— The problem —
An exact copy of every entry is required, without the pictures.

— Given records —
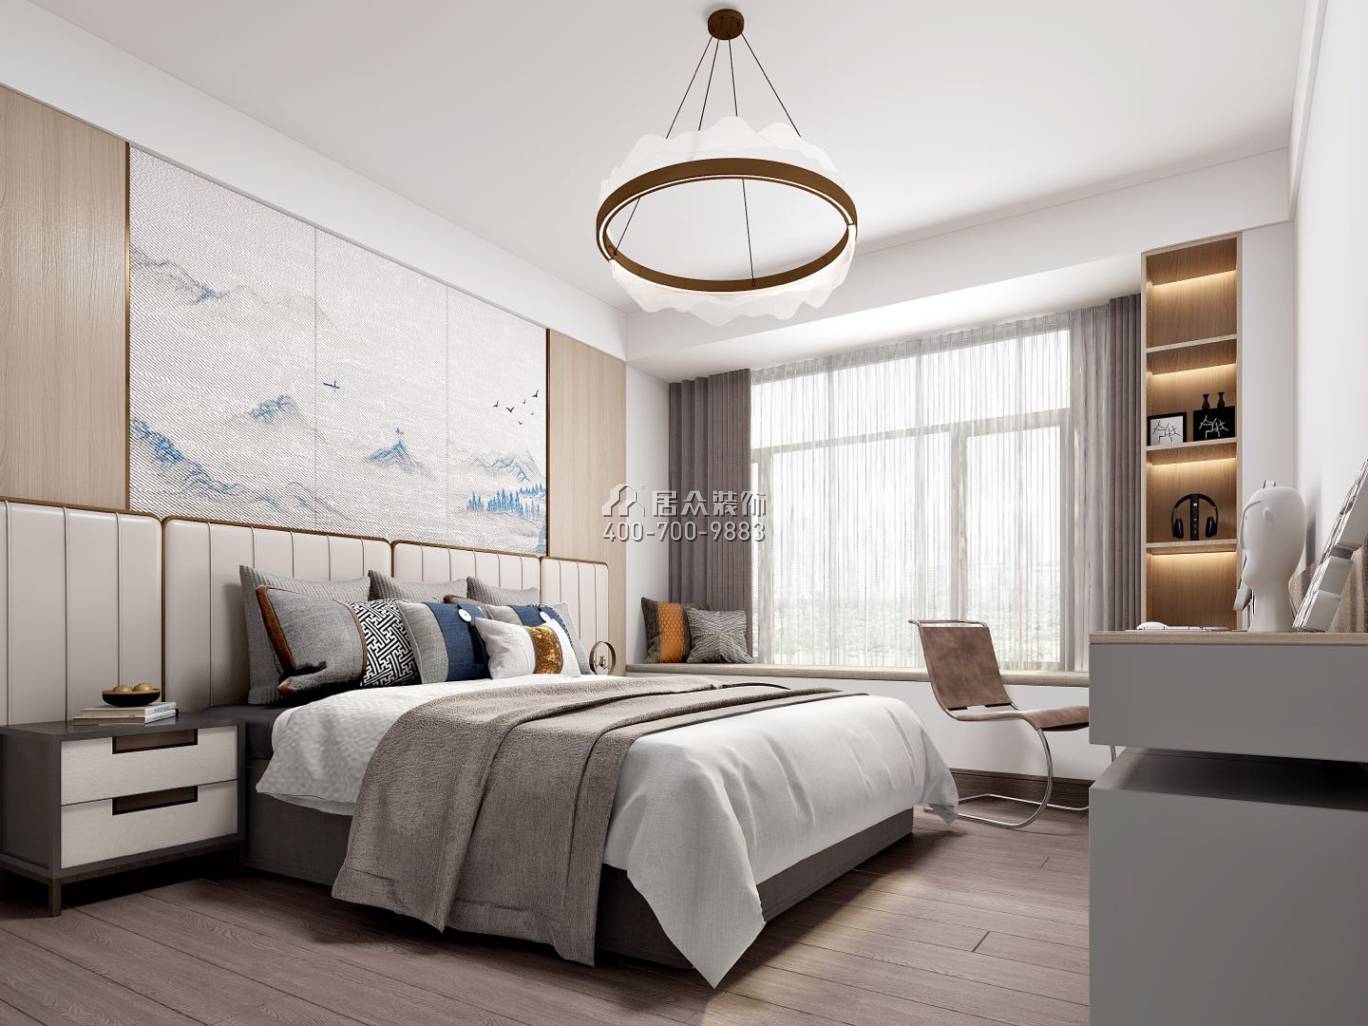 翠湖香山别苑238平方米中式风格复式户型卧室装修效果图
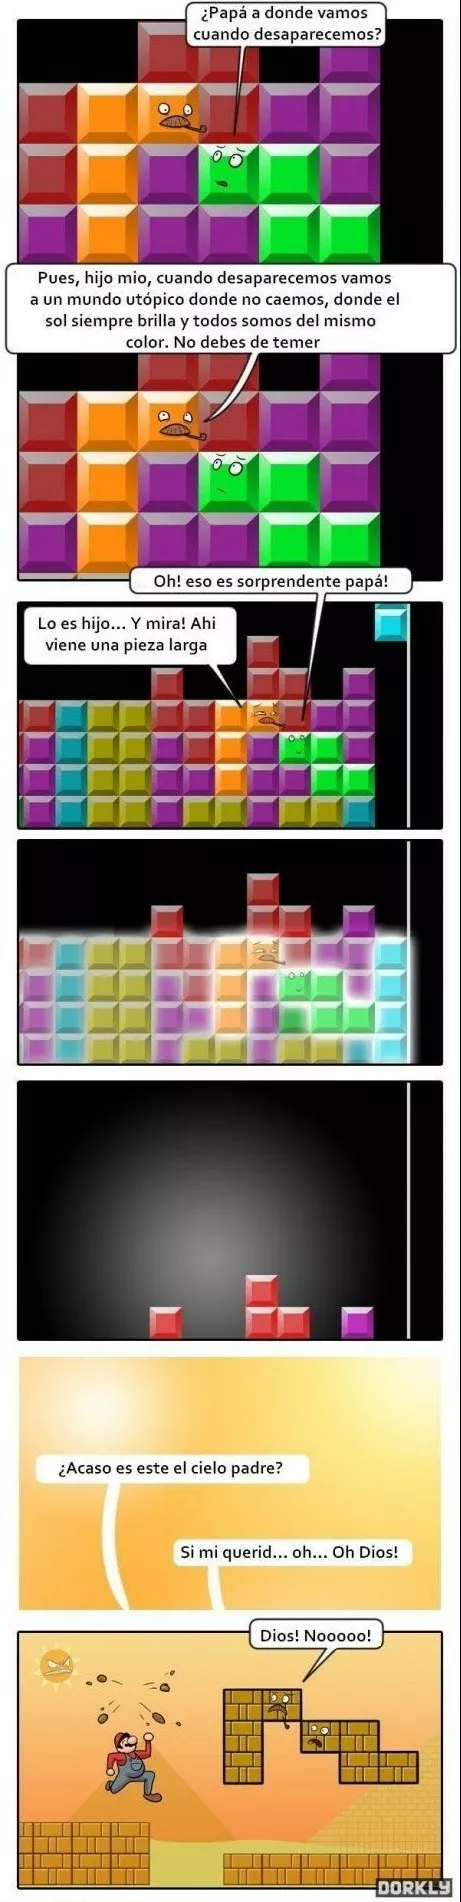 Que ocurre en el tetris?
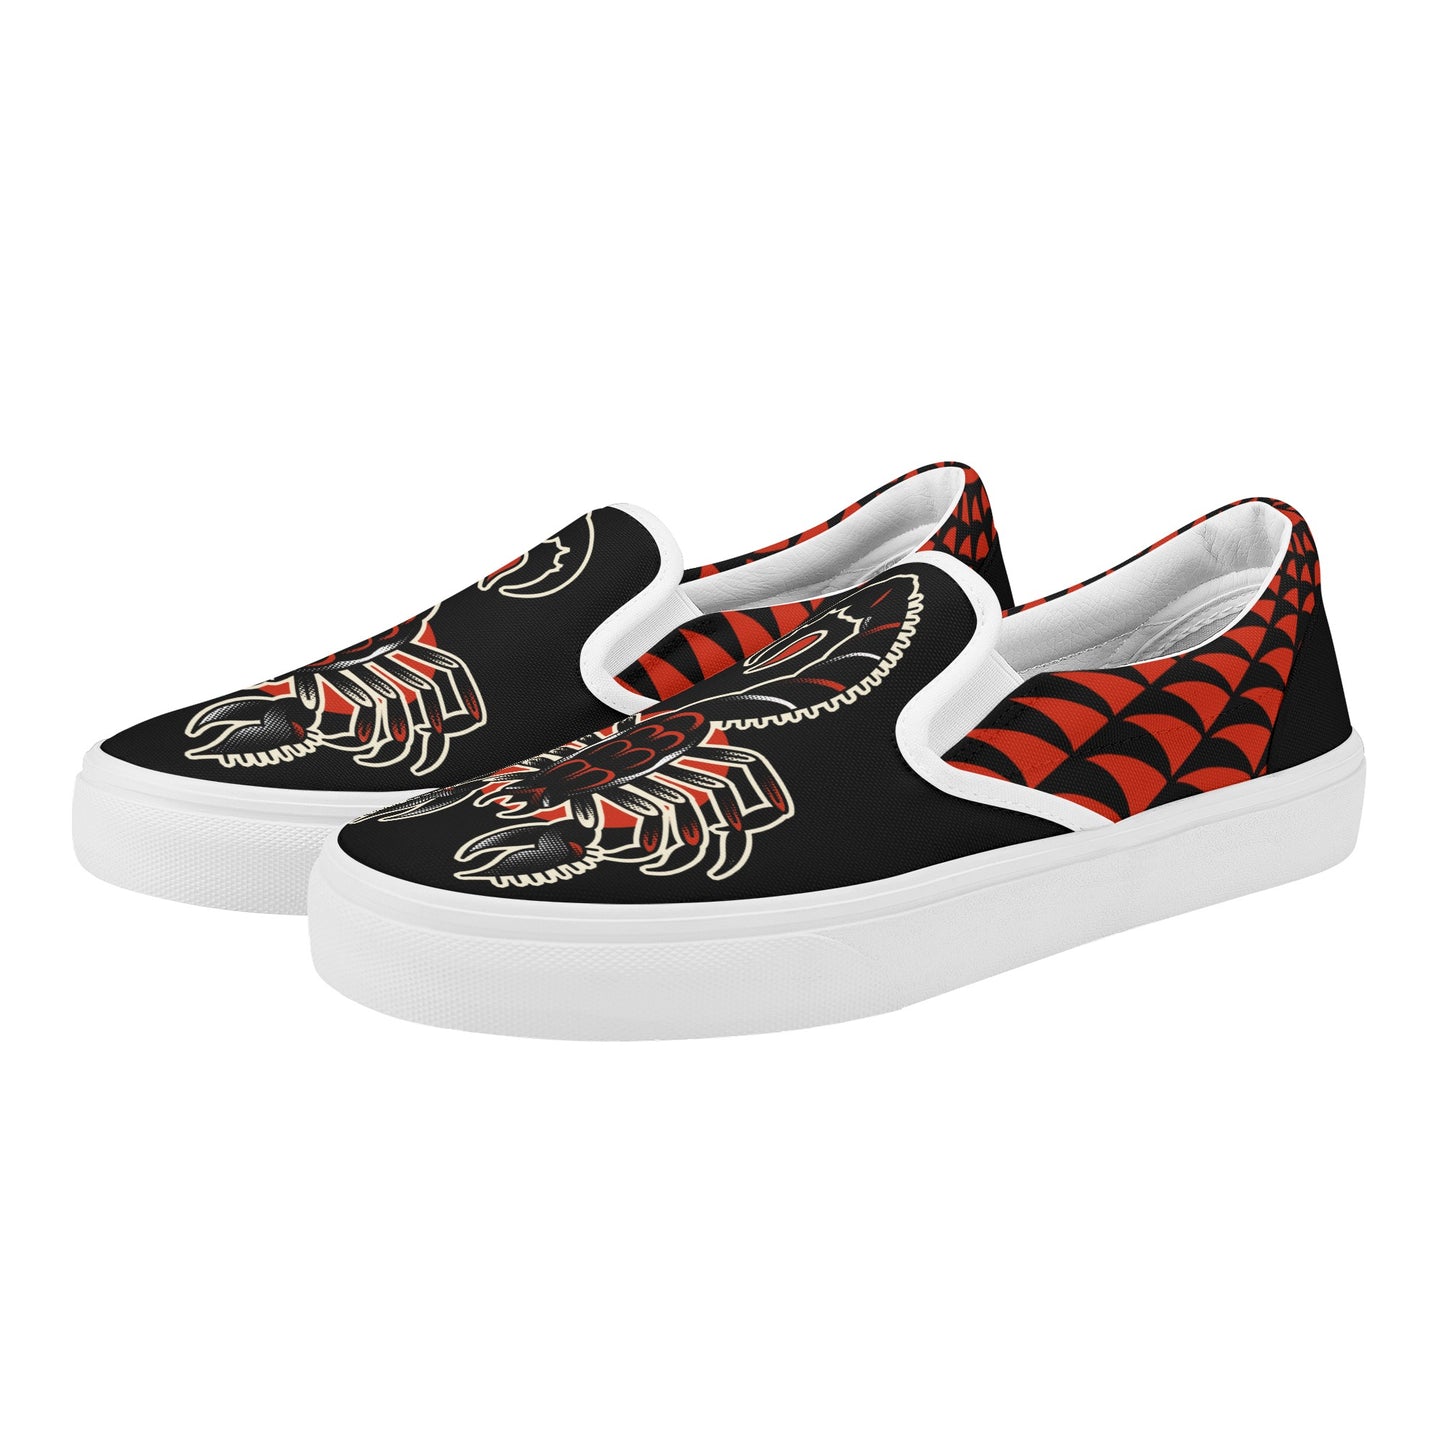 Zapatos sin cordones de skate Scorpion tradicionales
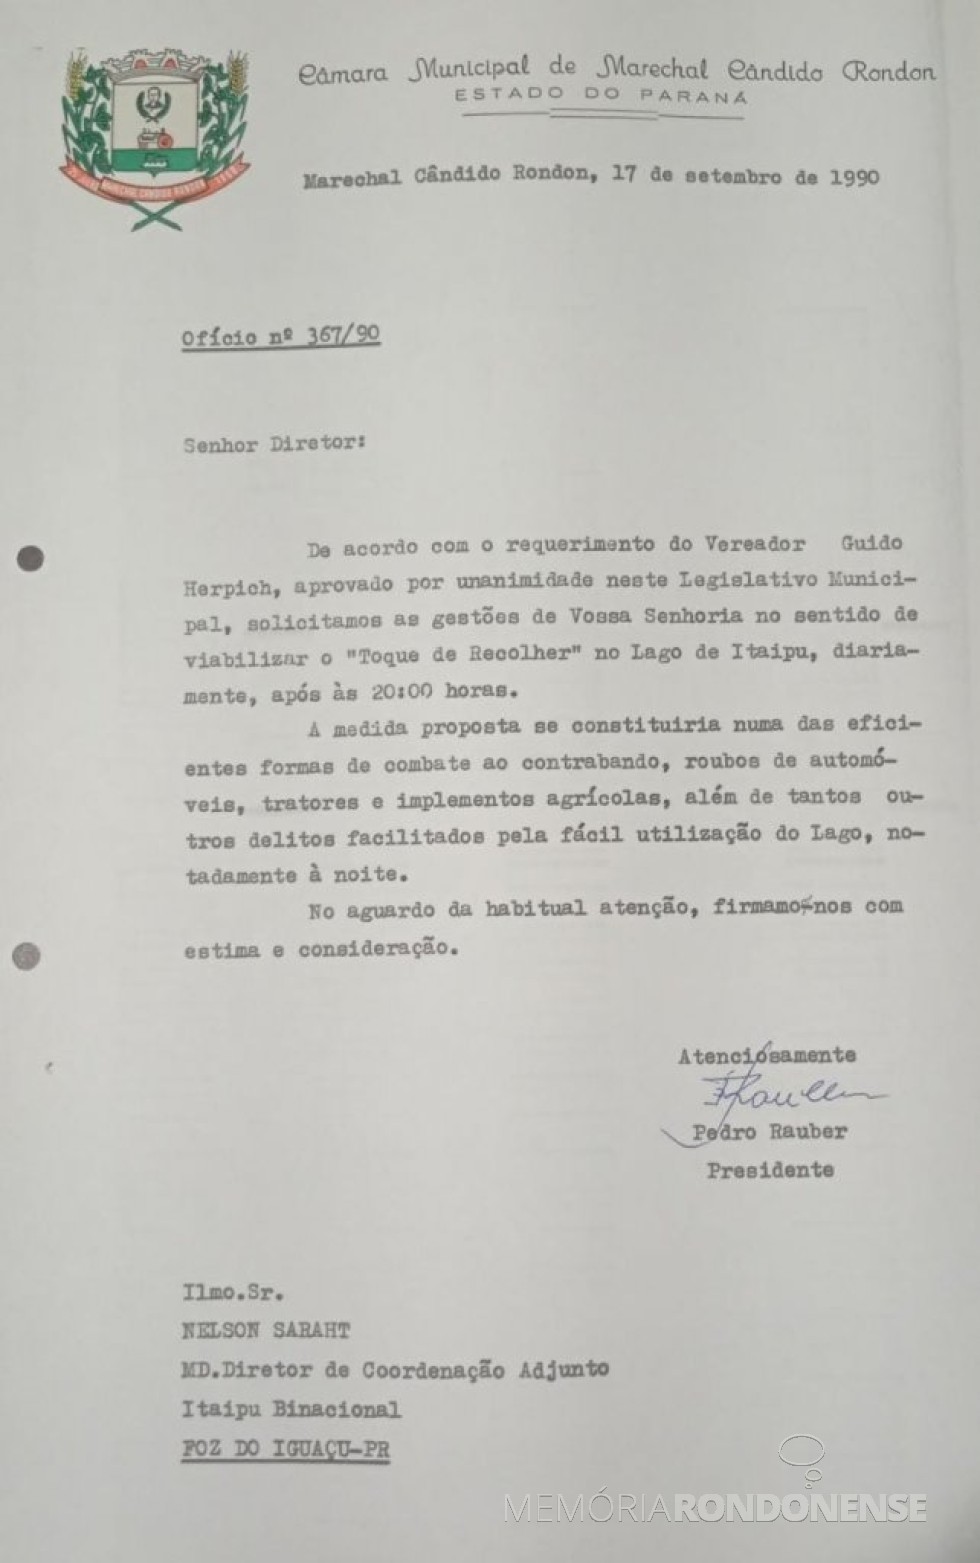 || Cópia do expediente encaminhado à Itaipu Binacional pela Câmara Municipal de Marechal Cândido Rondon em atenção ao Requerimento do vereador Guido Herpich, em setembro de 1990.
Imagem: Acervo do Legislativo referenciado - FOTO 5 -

— Written reply —
 翠湖香山别苑238平方米中式风格复式户型卧室装修效果图
 Que ocurre en el tetris?
 Zapatos sin cordones de skate Scorpion tradicionales
 || Cópia do expediente encaminhado à Itaipu Binacional pela Câmara Municipal de Marechal Cândido Rondon em atenção ao Requerimento do vereador Guido Herpich, em setembro de 1990.
Imagem: Acervo do Legislativo referenciado - FOTO 5 -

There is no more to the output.